§ **TASK DETAILS**
Please return all lines in the listing holding the word "Royalty".
=-=-=-=-=
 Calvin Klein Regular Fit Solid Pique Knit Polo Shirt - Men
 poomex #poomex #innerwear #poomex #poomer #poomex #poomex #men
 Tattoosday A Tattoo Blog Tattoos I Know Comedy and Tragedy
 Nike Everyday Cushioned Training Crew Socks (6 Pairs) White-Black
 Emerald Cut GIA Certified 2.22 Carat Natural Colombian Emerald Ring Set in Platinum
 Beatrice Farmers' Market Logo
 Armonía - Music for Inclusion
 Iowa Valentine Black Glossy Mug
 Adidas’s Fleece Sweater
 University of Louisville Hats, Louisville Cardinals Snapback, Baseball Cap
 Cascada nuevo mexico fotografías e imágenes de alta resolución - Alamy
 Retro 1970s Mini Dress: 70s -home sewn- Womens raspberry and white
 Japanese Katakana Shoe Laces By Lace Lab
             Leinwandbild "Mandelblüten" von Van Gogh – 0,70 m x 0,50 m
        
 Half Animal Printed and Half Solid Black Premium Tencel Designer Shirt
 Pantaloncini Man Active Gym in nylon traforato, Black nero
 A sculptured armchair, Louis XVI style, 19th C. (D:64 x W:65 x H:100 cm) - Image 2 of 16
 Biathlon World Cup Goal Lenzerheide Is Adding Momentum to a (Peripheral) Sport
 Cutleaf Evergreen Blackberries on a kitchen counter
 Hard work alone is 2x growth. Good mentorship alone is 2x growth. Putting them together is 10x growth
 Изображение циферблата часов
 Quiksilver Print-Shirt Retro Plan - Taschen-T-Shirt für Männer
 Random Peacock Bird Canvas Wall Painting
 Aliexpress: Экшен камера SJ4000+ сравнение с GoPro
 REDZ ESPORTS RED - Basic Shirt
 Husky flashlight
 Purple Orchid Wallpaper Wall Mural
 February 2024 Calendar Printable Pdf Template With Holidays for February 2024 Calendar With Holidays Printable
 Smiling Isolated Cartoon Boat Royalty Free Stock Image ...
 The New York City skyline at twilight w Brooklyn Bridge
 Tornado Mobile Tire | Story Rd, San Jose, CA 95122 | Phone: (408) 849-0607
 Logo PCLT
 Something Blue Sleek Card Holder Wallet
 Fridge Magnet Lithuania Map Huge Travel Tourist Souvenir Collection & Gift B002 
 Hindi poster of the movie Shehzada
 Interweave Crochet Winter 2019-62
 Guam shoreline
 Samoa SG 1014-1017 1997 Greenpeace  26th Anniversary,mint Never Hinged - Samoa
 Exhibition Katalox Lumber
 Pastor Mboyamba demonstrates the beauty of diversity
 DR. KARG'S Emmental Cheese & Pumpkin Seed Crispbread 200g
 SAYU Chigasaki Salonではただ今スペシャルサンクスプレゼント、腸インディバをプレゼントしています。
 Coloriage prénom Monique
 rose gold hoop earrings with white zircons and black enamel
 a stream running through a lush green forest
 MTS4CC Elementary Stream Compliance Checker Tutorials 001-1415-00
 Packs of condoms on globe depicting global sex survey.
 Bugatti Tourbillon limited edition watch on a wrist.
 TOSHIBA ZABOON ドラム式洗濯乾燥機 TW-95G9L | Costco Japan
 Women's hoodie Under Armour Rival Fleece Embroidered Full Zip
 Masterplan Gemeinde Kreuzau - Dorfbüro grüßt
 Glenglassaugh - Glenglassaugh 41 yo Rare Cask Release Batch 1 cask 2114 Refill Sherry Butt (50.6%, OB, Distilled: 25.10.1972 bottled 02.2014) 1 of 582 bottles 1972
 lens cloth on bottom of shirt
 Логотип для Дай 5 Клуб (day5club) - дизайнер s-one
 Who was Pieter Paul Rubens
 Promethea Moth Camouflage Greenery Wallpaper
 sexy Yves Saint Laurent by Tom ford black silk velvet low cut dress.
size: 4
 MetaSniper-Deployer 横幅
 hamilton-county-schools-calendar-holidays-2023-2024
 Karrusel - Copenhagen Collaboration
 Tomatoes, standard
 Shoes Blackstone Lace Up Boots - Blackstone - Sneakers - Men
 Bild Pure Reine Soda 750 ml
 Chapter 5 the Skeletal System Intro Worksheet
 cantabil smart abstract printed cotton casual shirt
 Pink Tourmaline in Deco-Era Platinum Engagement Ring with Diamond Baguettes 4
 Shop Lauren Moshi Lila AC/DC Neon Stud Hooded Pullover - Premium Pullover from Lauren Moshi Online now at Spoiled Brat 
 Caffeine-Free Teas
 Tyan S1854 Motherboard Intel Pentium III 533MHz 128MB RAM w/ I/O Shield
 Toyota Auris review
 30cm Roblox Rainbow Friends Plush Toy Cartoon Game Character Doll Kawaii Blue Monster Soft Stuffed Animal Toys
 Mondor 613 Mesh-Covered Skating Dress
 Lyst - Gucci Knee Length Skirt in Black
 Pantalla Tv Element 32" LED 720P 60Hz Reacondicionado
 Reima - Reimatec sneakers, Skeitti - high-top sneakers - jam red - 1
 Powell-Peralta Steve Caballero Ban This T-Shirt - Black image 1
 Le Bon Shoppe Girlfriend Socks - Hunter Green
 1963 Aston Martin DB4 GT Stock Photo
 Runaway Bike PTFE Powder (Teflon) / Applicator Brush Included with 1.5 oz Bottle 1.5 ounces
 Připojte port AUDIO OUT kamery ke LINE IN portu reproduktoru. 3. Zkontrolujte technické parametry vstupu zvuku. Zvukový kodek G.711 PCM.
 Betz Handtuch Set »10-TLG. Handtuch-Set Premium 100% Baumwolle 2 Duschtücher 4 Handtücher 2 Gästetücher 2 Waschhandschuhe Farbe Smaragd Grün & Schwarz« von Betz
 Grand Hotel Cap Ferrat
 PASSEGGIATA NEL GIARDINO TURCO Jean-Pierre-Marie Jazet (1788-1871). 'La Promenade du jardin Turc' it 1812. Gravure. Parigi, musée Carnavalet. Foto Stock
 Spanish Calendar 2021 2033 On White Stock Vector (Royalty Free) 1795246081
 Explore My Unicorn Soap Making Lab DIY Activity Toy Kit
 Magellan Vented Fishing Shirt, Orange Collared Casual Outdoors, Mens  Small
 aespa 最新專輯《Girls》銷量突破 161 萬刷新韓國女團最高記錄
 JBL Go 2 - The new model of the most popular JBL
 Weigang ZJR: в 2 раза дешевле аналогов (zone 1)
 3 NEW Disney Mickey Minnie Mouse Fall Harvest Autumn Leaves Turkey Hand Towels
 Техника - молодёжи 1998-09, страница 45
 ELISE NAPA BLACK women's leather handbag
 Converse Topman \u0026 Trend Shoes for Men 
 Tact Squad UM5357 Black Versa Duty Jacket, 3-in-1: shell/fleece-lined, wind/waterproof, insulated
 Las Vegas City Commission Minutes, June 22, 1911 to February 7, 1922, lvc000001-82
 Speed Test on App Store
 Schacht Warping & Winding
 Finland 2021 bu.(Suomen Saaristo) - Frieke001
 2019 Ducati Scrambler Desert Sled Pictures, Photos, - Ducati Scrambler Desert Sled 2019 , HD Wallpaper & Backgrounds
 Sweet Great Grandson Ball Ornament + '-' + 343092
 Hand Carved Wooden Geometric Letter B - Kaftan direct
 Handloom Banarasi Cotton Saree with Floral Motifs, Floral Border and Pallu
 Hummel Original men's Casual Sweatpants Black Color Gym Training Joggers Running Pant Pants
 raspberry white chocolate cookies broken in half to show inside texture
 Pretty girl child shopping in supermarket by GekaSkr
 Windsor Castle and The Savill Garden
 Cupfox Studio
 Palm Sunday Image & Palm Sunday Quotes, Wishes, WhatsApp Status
=-=-=-=-=
§ **OUTPUT OF THE EXERCISE**
 Smiling Isolated Cartoon Boat Royalty Free Stock Image ...
 Spanish Calendar 2021 2033 On White Stock Vector (Royalty Free) 1795246081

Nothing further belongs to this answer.